### PROBLEM TO WORK ON
Verbatim output of the lines below is required, with the images omitted.

### STORED DATA
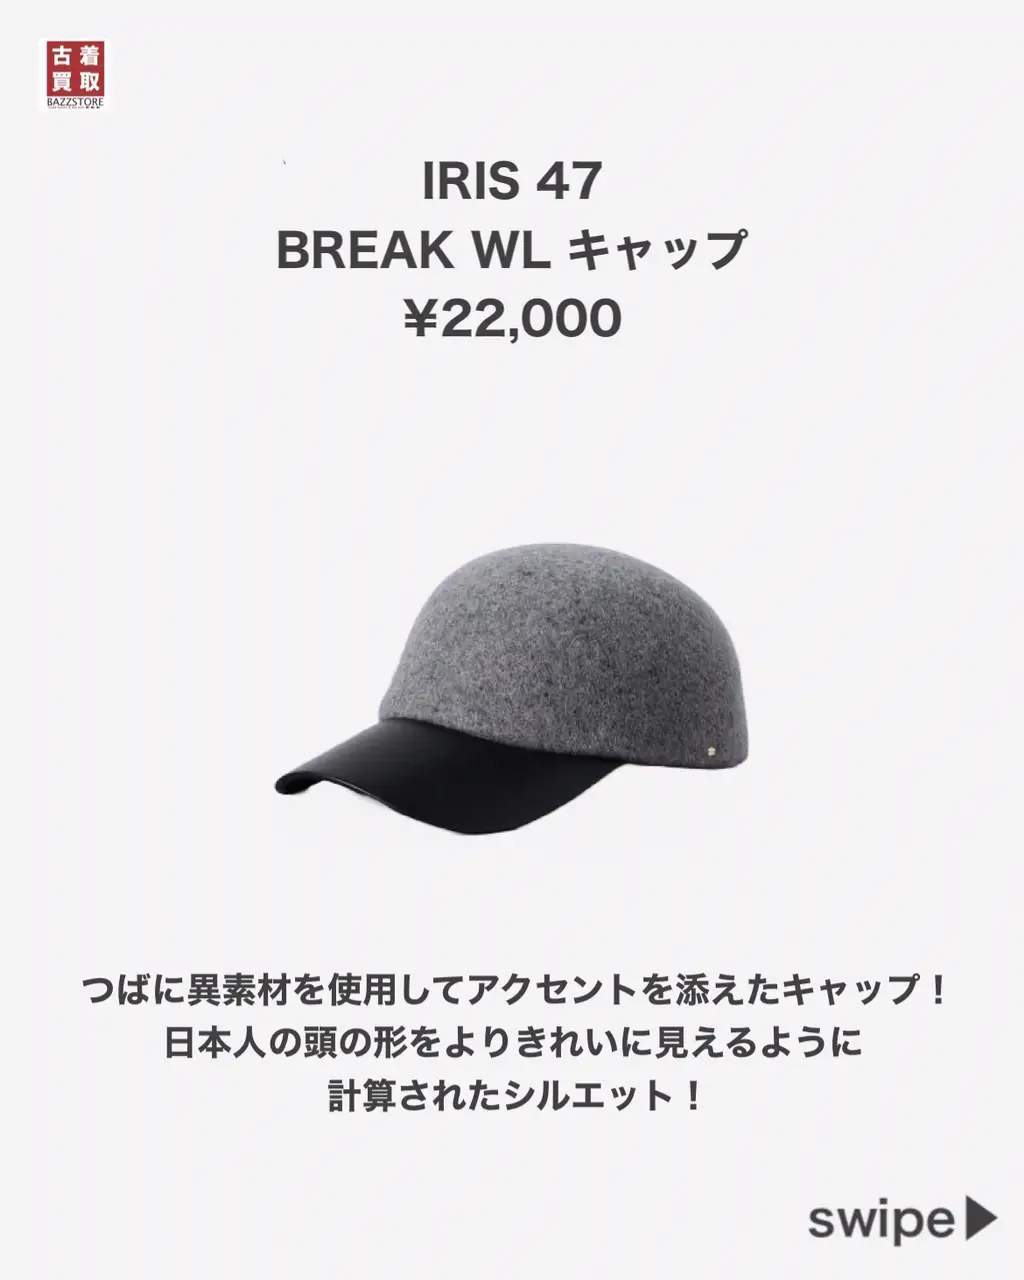 I want to match various outfits! Recommended cap 🧢 5 selections
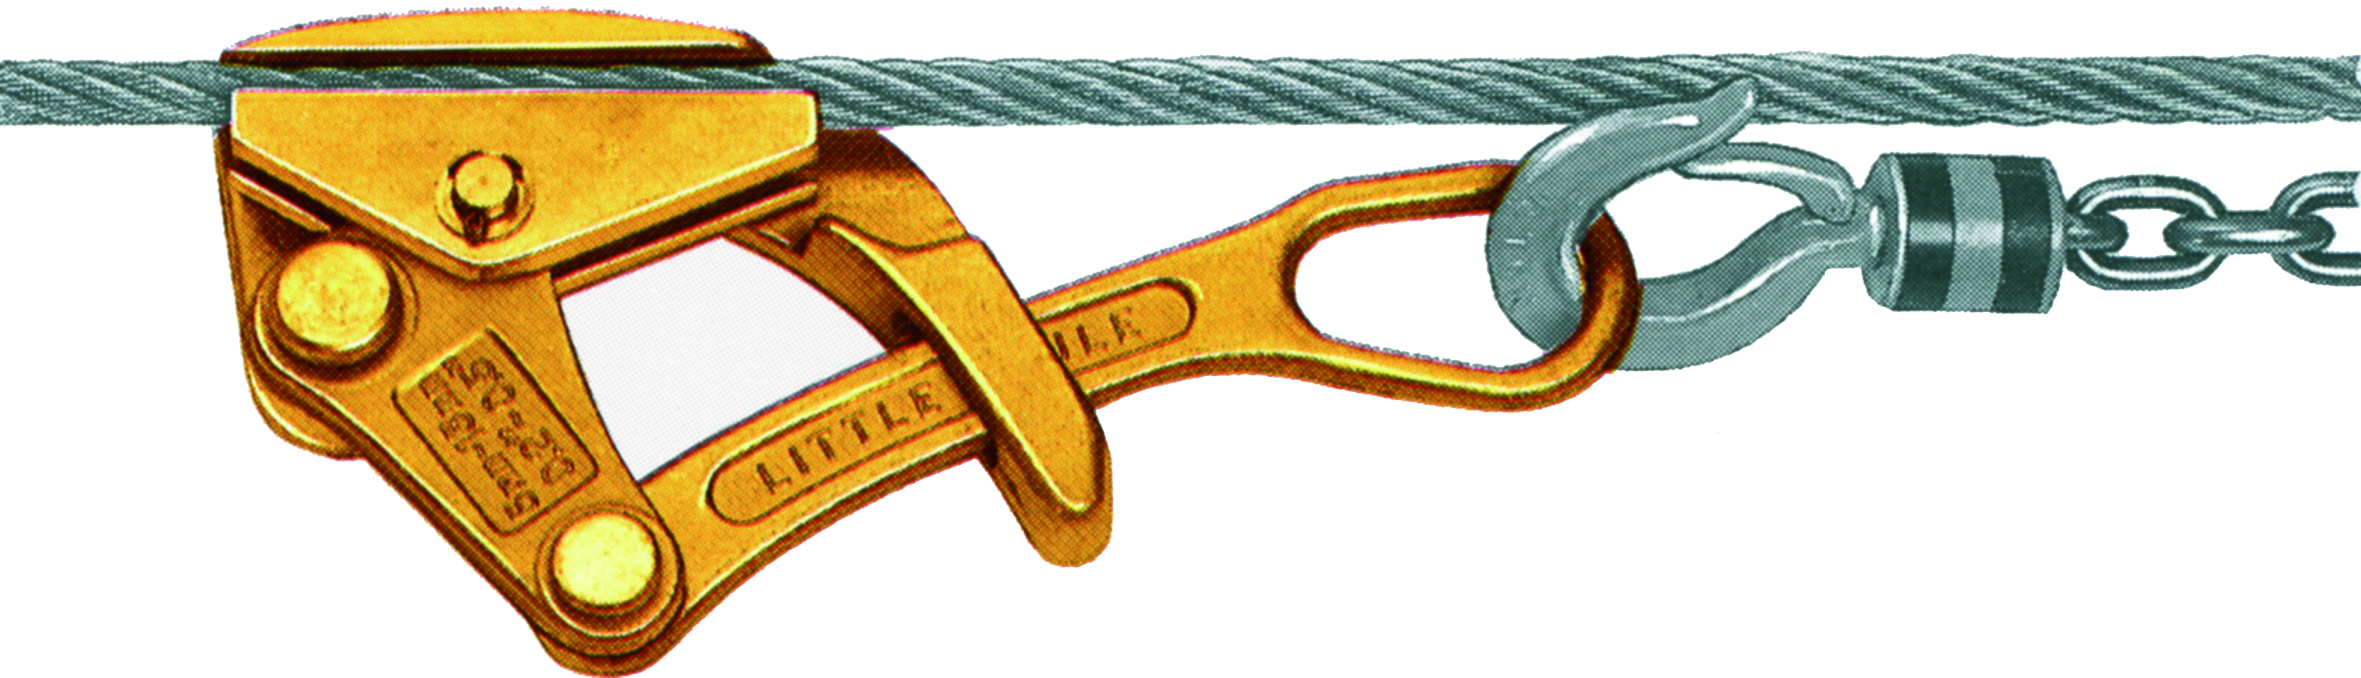 Pince_serre-cable_Little_Mule_Yale_-_type_LMG
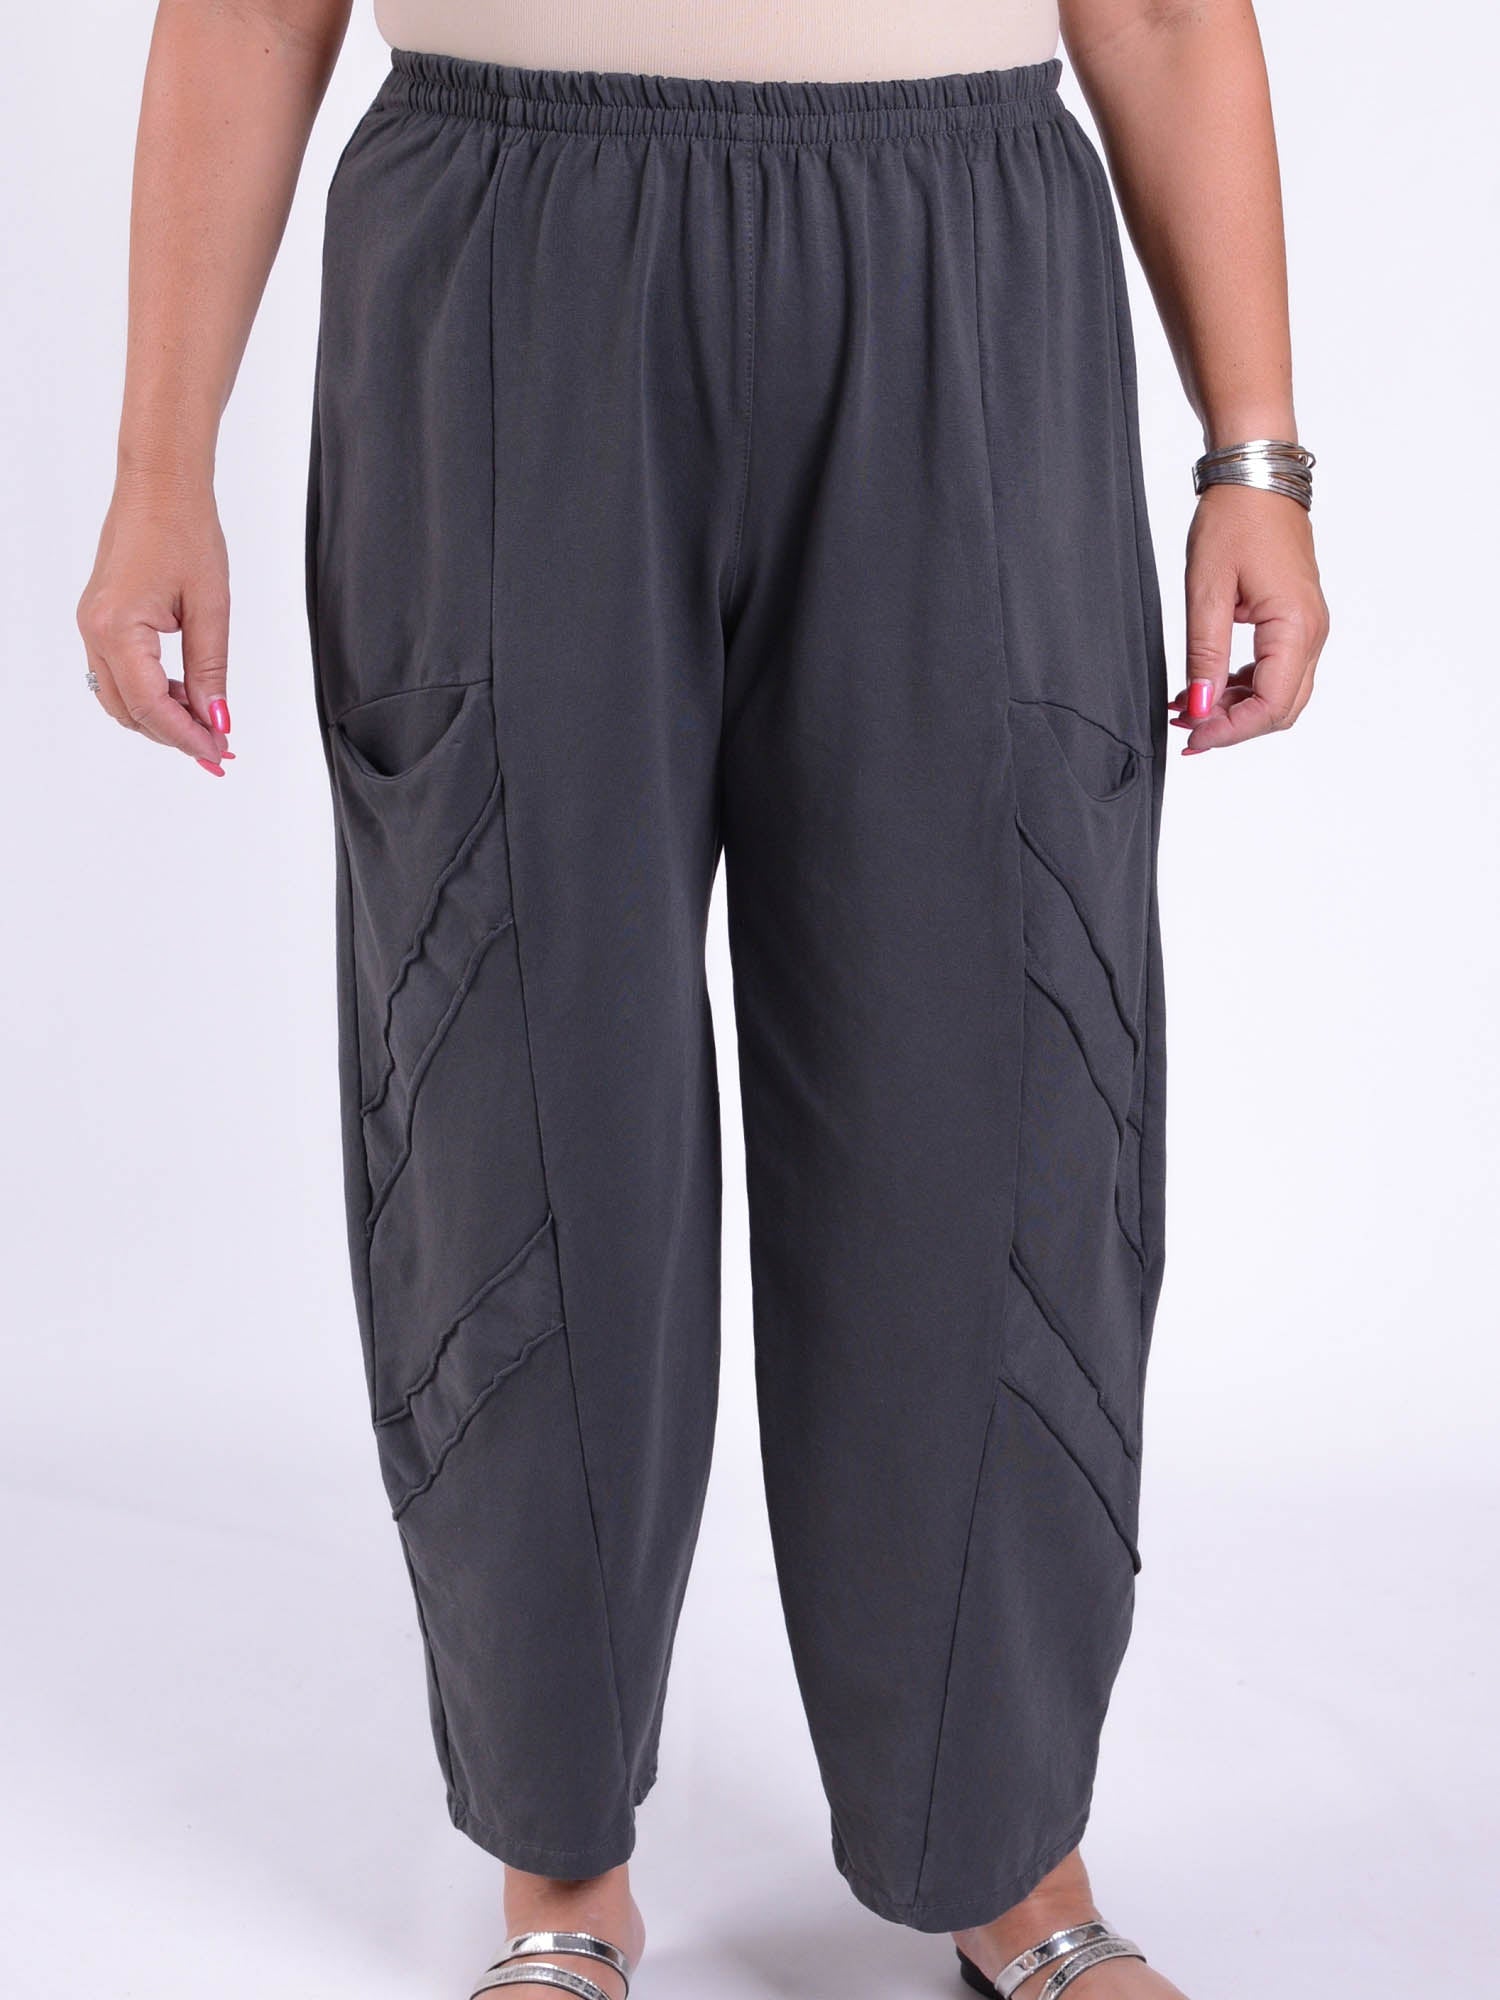 Lagenlook Heavy Cotton Trousers - 11273, Trousers, Pure Plus Clothing, Lagenlook Clothing, Plus Size Fashion, Over 50 Fashion

### RESULT FOR THIS TASK
 I want to match various outfits! Recommended cap 🧢 5 selections
 Pince_serre-cable_Little_Mule_Yale_-_type_LMG
 Lagenlook Heavy Cotton Trousers - 11273, Trousers, Pure Plus Clothing, Lagenlook Clothing, Plus Size Fashion, Over 50 Fashion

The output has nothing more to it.